Rational amelioration of redox equilibrium by constructing hollow nanotube Co-Mn/TiO2 catalyst to boost simultaneous removal of NO and Hg0

Abstract

Simultaneous removal of NO and Hg0 in one purification unit is cost-effective, while the conflicting redox environmental requirements remains extremely challenging.

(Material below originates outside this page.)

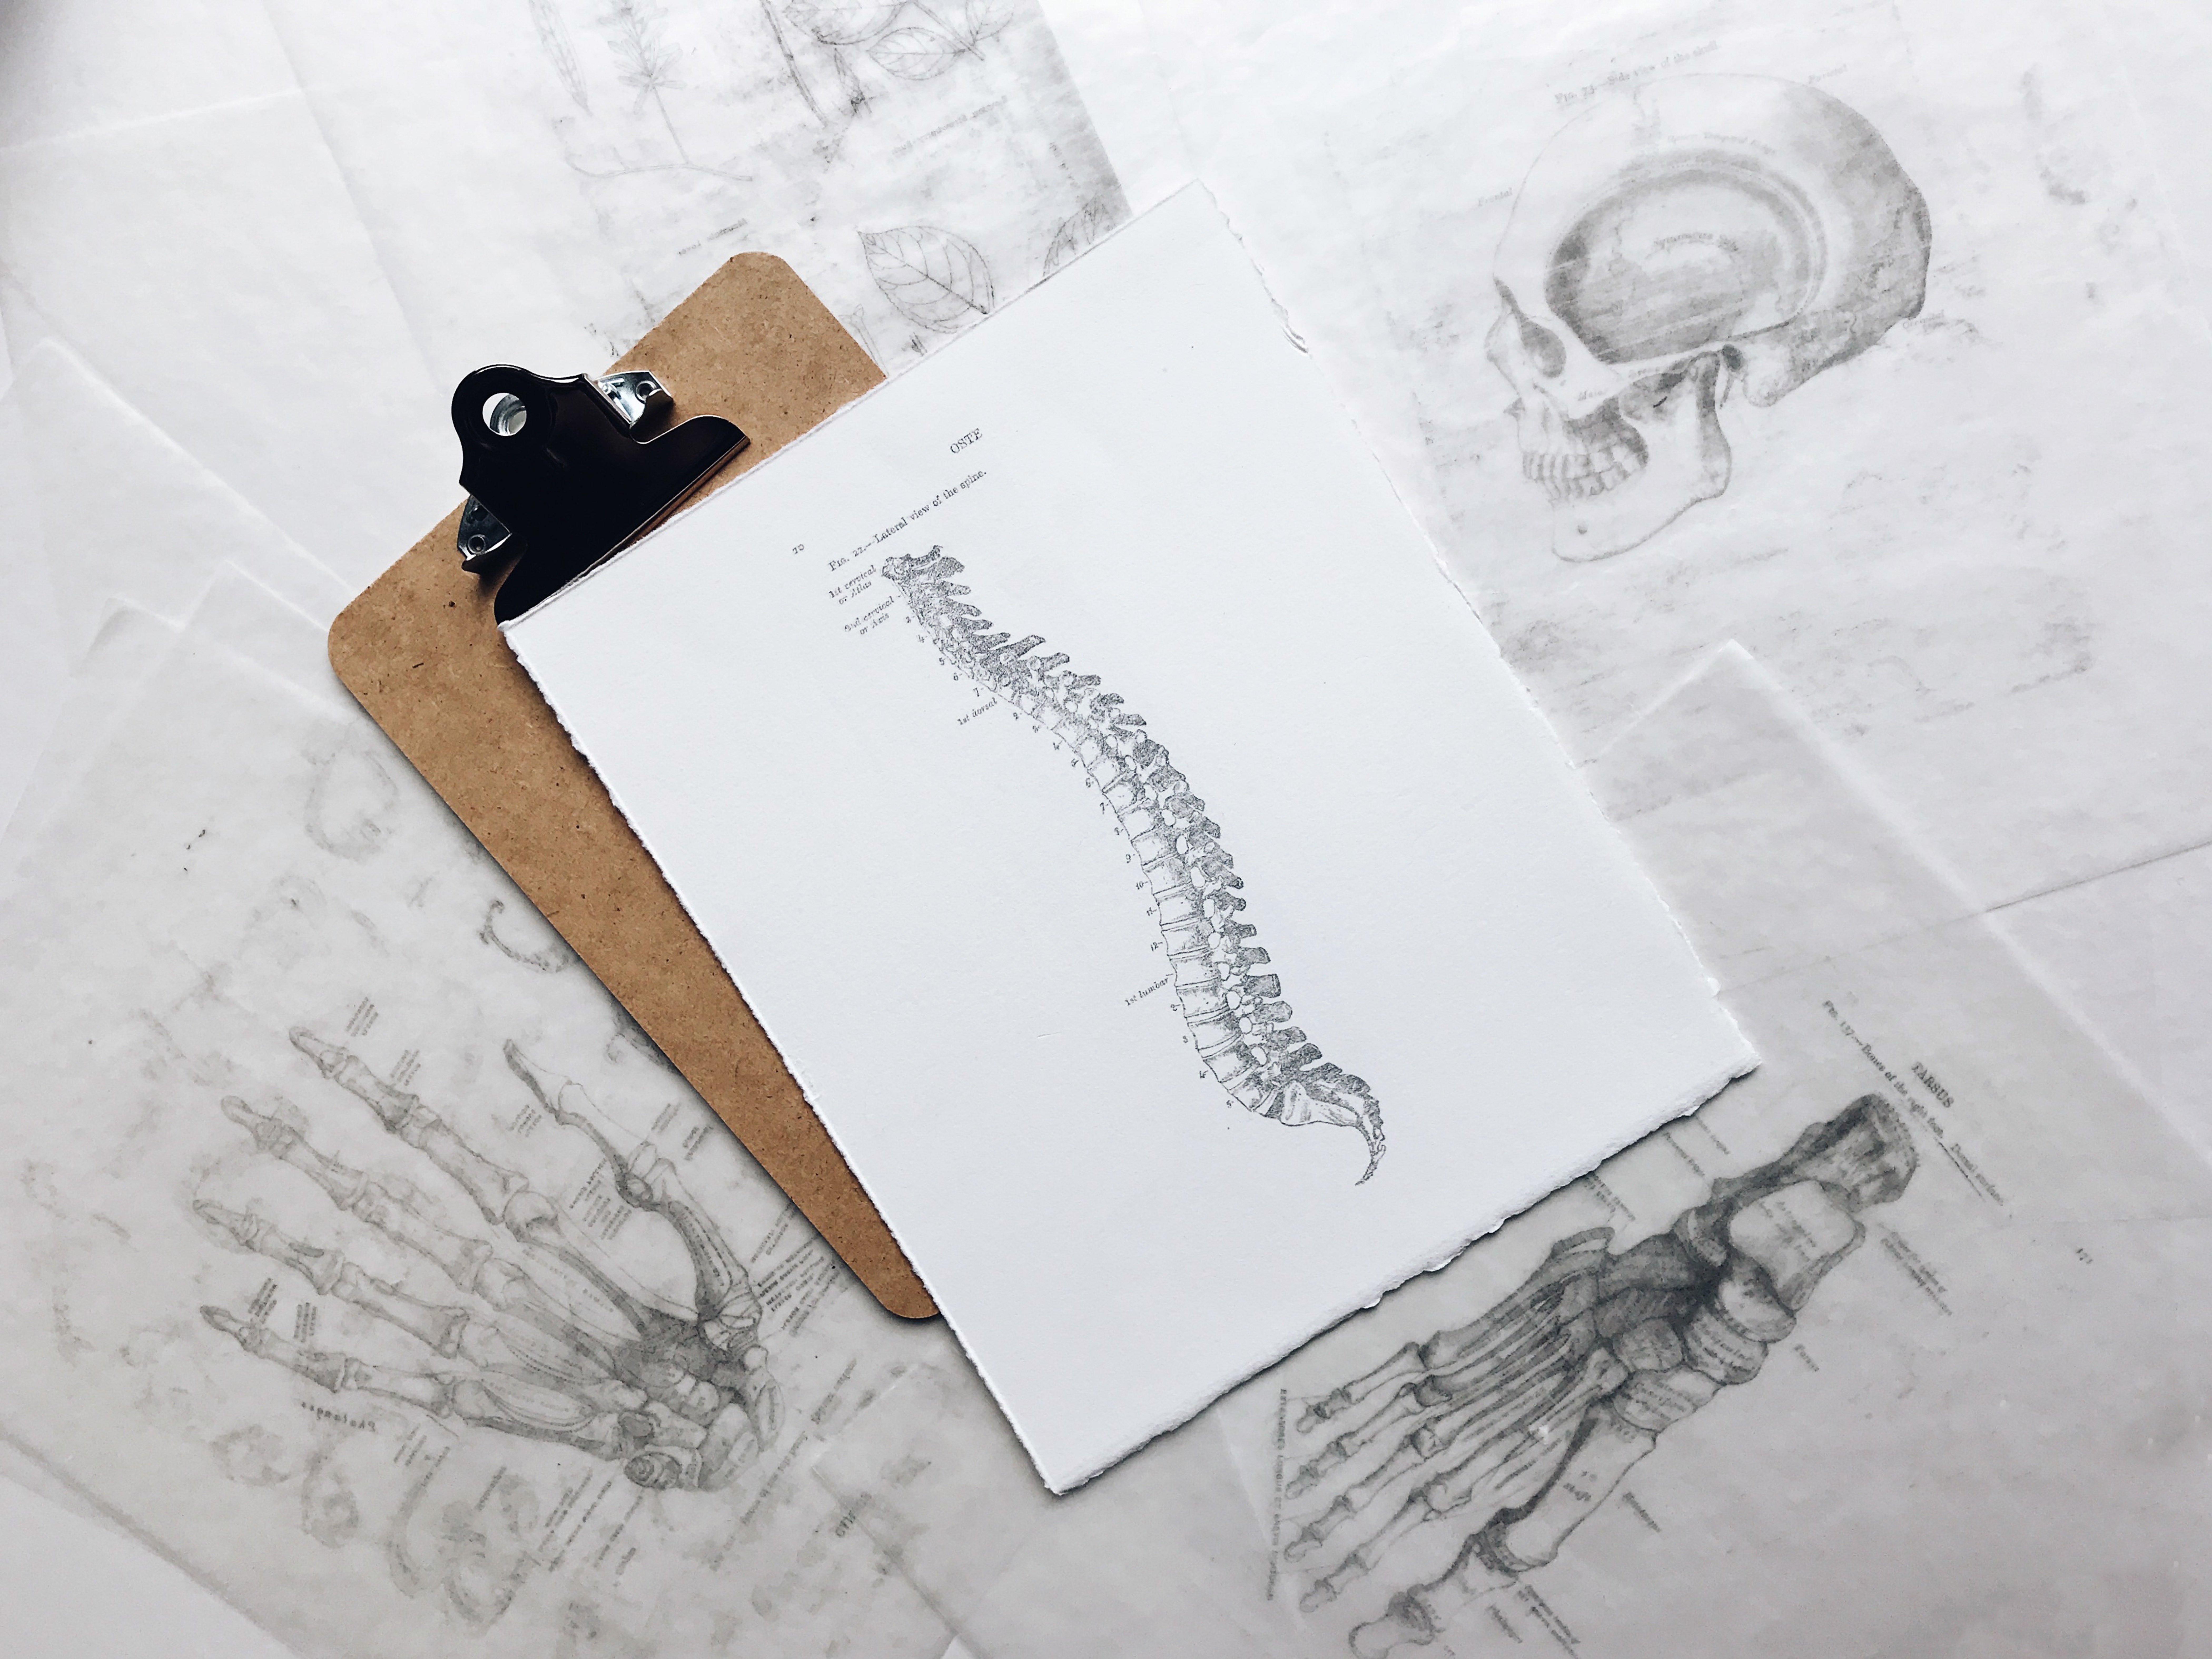 Your Neutral Spine: Why It Matters and How to Find It
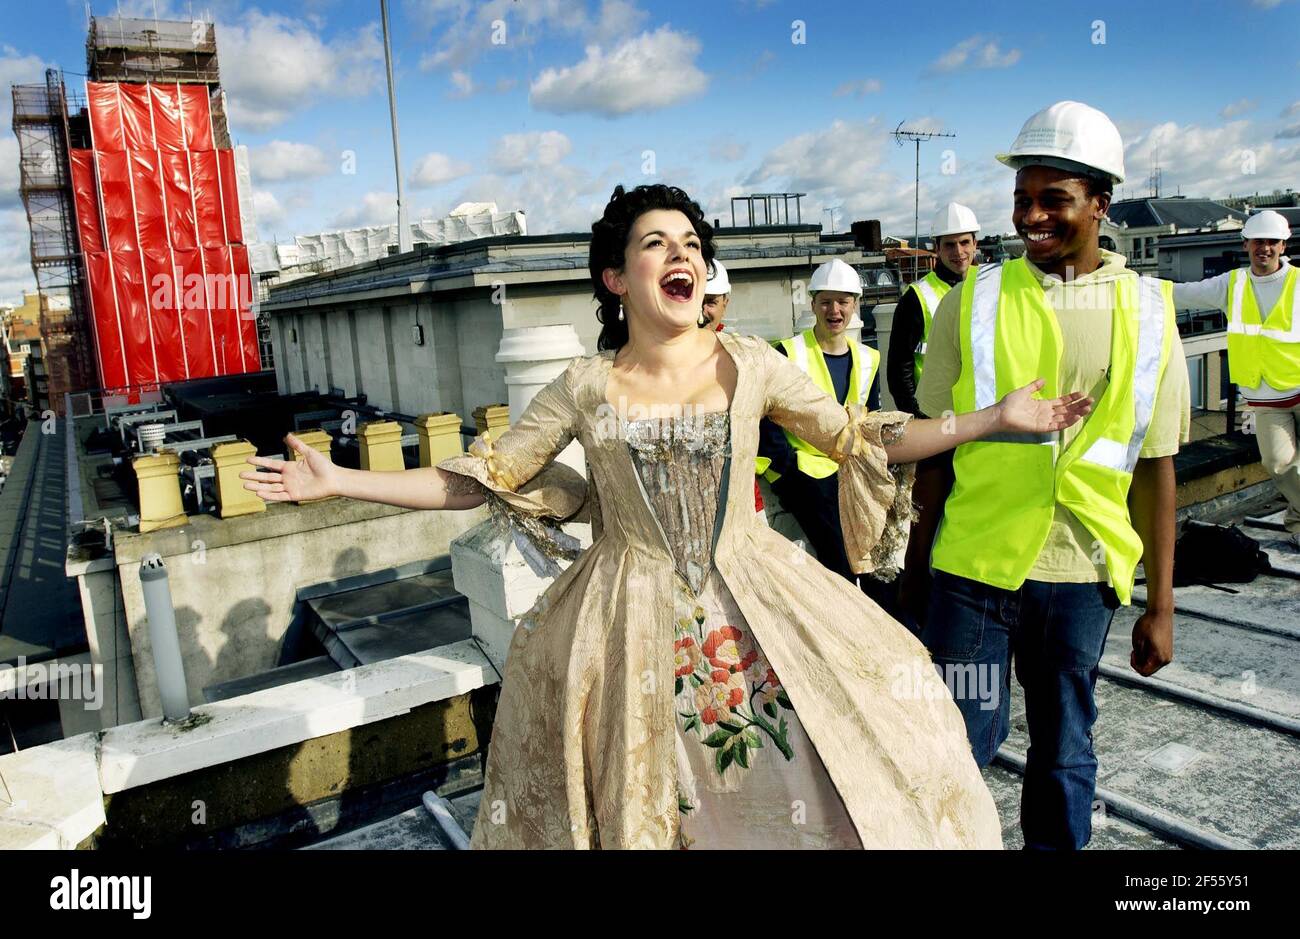 Victoria Simmonds, who will sing the principal role of Rosina in ENO's revival of 'The Barber of Seville', posing with construction workers on the rooftop of No. 6 St Martins Place with the on-going construction work of the Coliseum in the background. This stunt was in aid of promoting the launch of the 2002/3 ENO Season at the London Coliseum which opens on Thursday 24 October.23 October 2002 photo Andy Paradise Stock Photo

Herein, hollow nanotube Co-Mn/TiO2 was elaborately fabricated by reconstructing nanoparticles to ameliorate the redox equilibrium, allowing the catalysts to sustain the excellent synergistic catalytic performance, which delivered more than 98 % NOx conversion with above 95 % N2 selectivity and nearly 100 % Hg0 removal efficiency within 150–240 °C. Abundant oxygen vacancies and strong surface acidity were synchronously generated after the formation of unique hollow nanotube, improving the mobility of oxygen species and facilitating the adsorption and activation of reactants, and the cooperation of oxygen vacancy and surface acidity resulted in superior simultaneous removal activity. Strikingly, in situ DRIFTS and kinetic results revealed that the reaction rate was obviously accelerated on hollow nanotube Co-Mn/TiO2. This study provided new insights toward engineering efficient catalysts for simultaneous removal of NO and Hg0.